EXERCISE OBJECTIVE:
Please write out every line of the material, leaving out any picture.

AVAILABLE DATA:

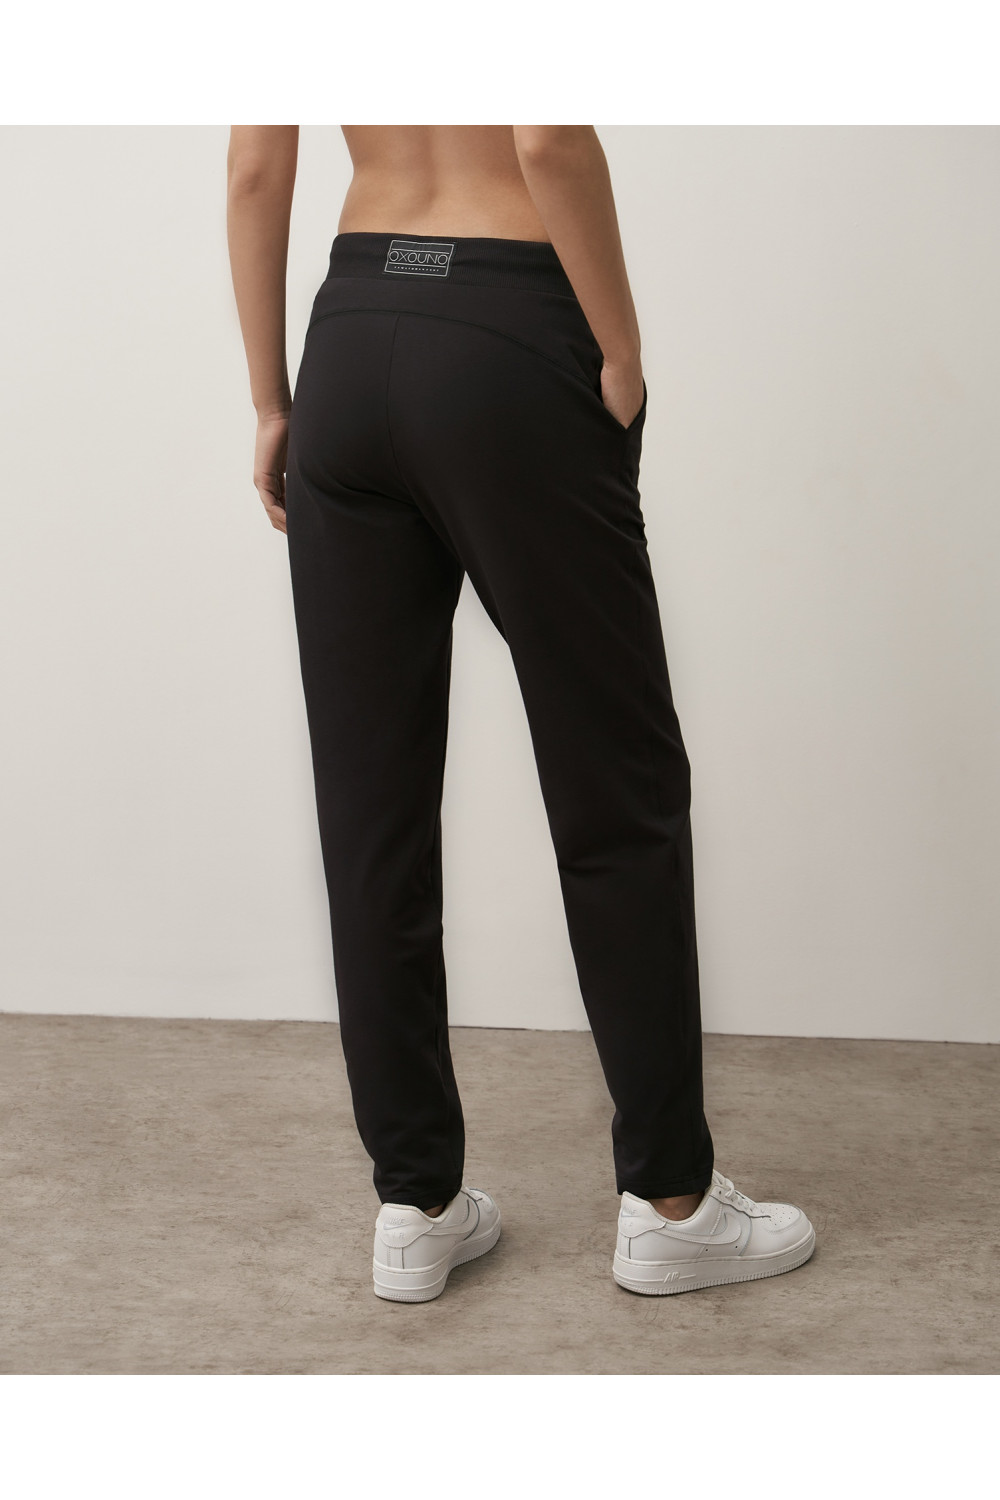 OXO-1102 (2XL)  Свободные брюки с кокеткой женские. модель 2, коллекция COMFY SPORT, OXO UNO
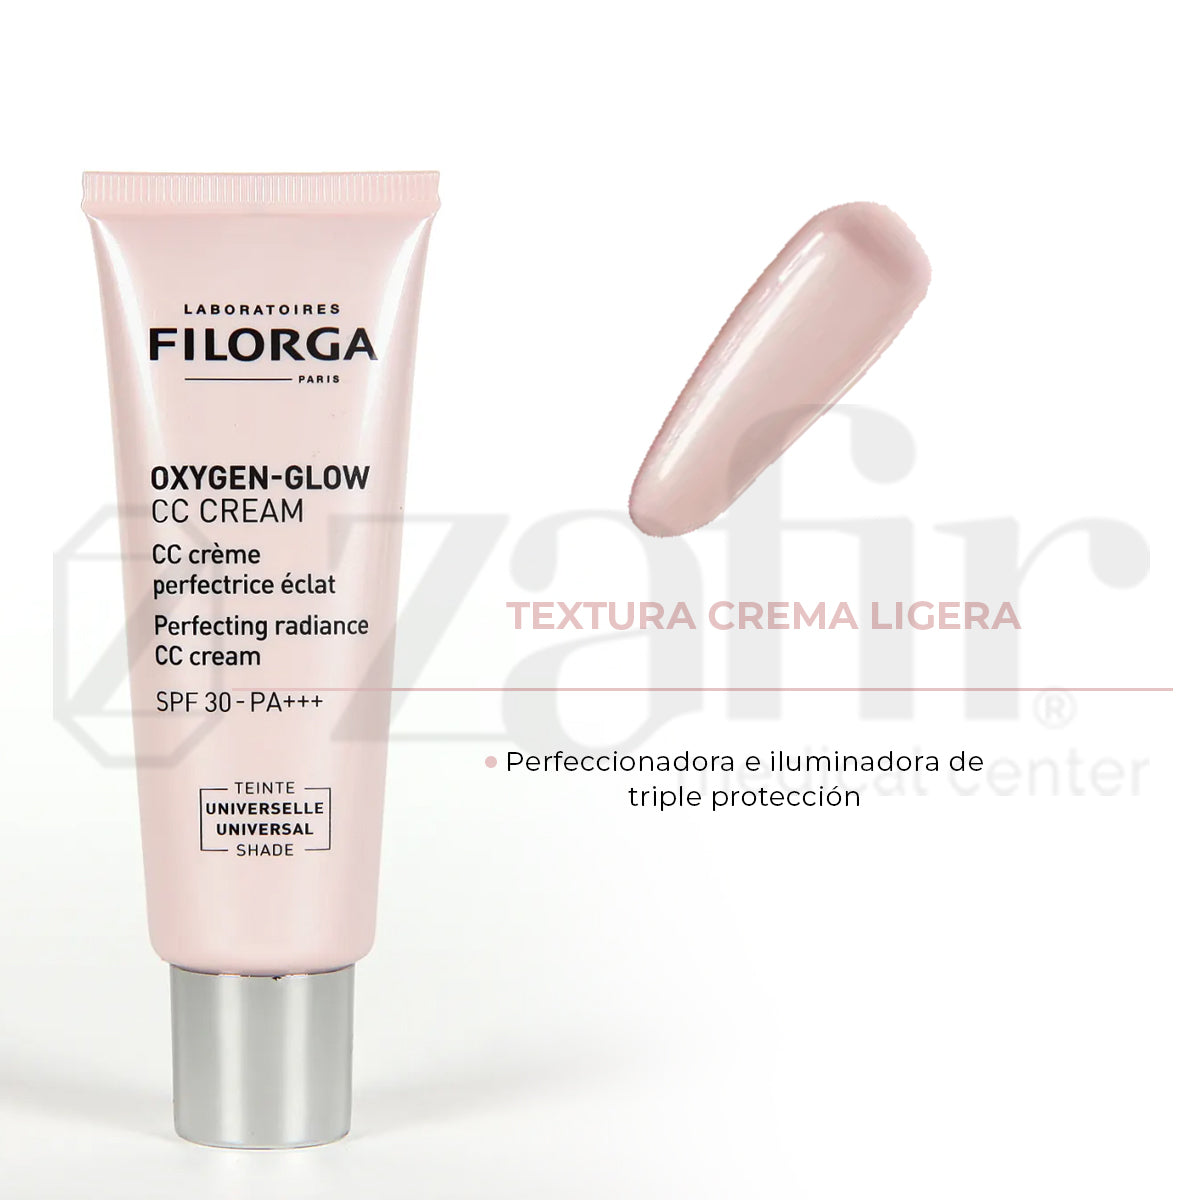 Filorga - Oxygen-Glow CC Cream (40 ml)
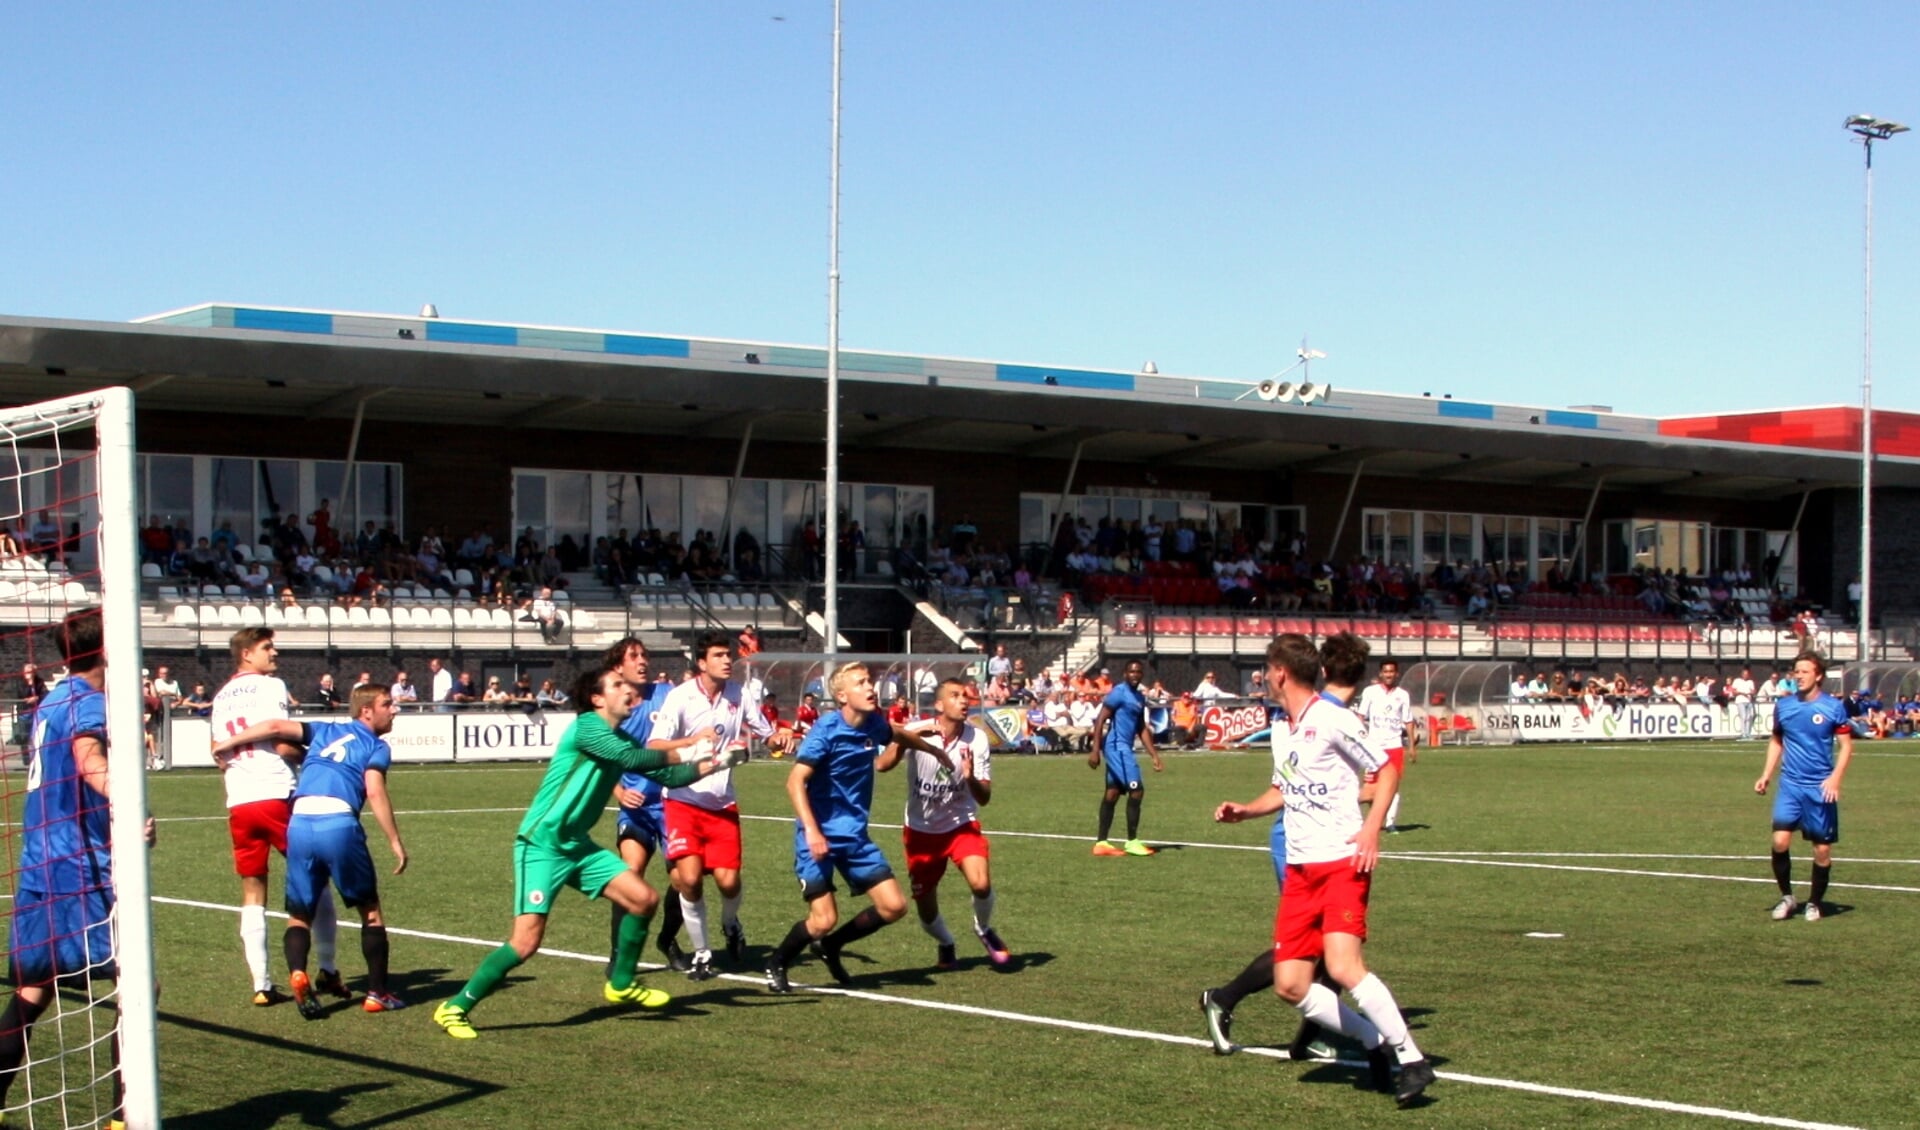 V.v. Noordwijk kon het doelsaldo afgelopen zaterdag stevig opkrikken met zes goals tegen Nootdorp. | Foto: WS
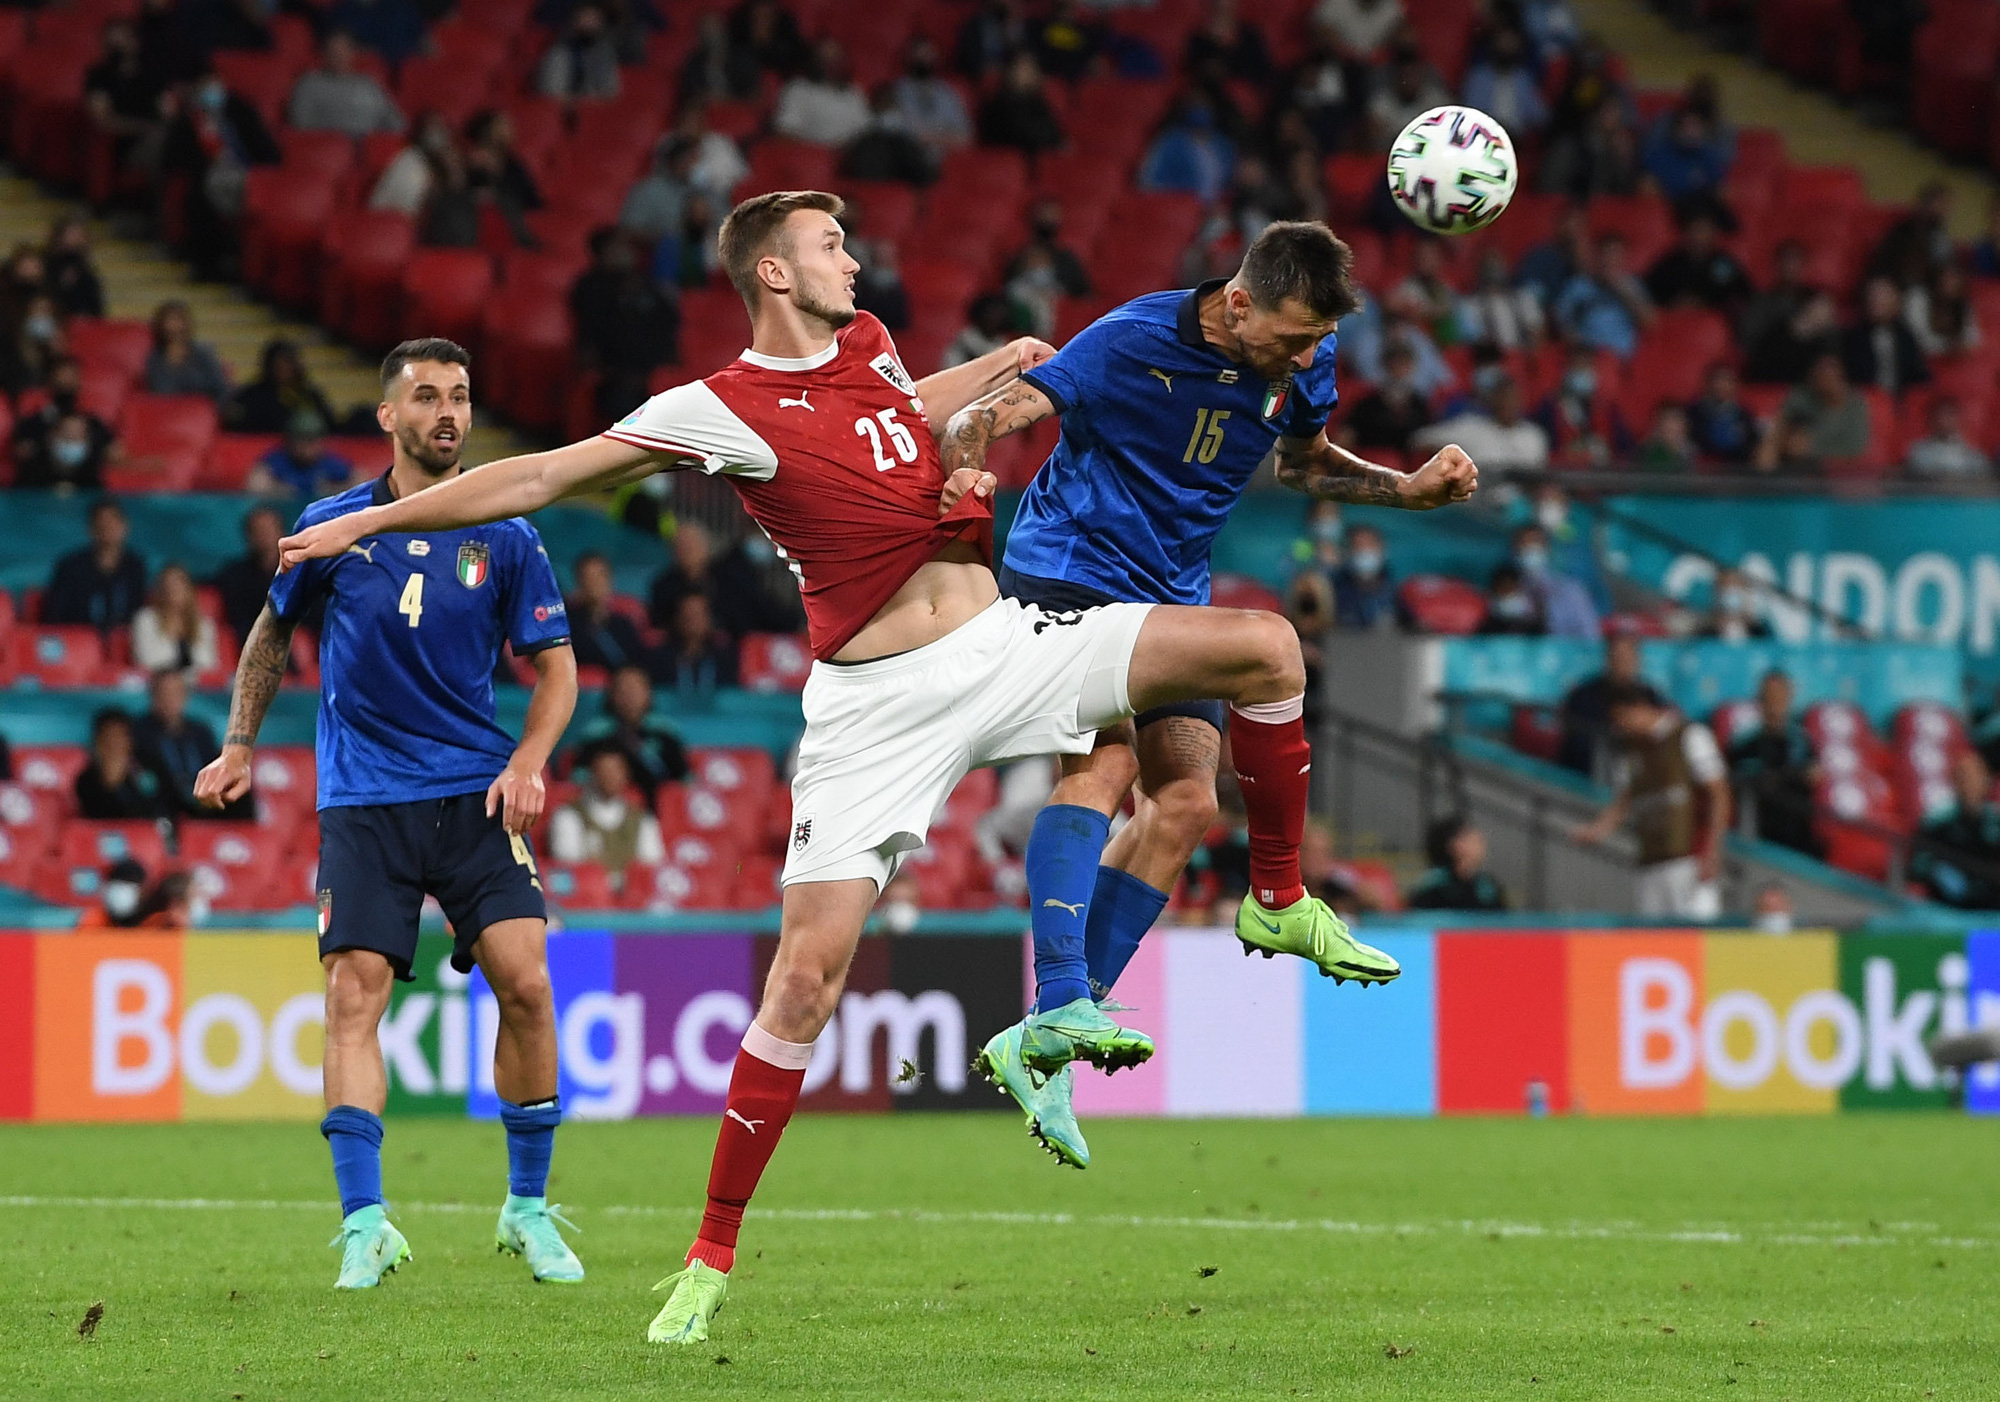 Tuyển Ý vào tứ kết Euro 2020 nhờ hai siêu phẩm bàn thắng - Ảnh 3.

TASK SOLUTION:
 OXO-1102 (2XL)  Свободные брюки с кокеткой женские. модель 2, коллекция COMFY SPORT, OXO UNO
 Filorga - Oxygen-Glow CC Cream (40 ml)
 V.v. Noordwijk kon het doelsaldo afgelopen zaterdag stevig opkrikken met zes goals tegen Nootdorp. | Foto: WS
 Tuyển Ý vào tứ kết Euro 2020 nhờ hai siêu phẩm bàn thắng - Ảnh 3.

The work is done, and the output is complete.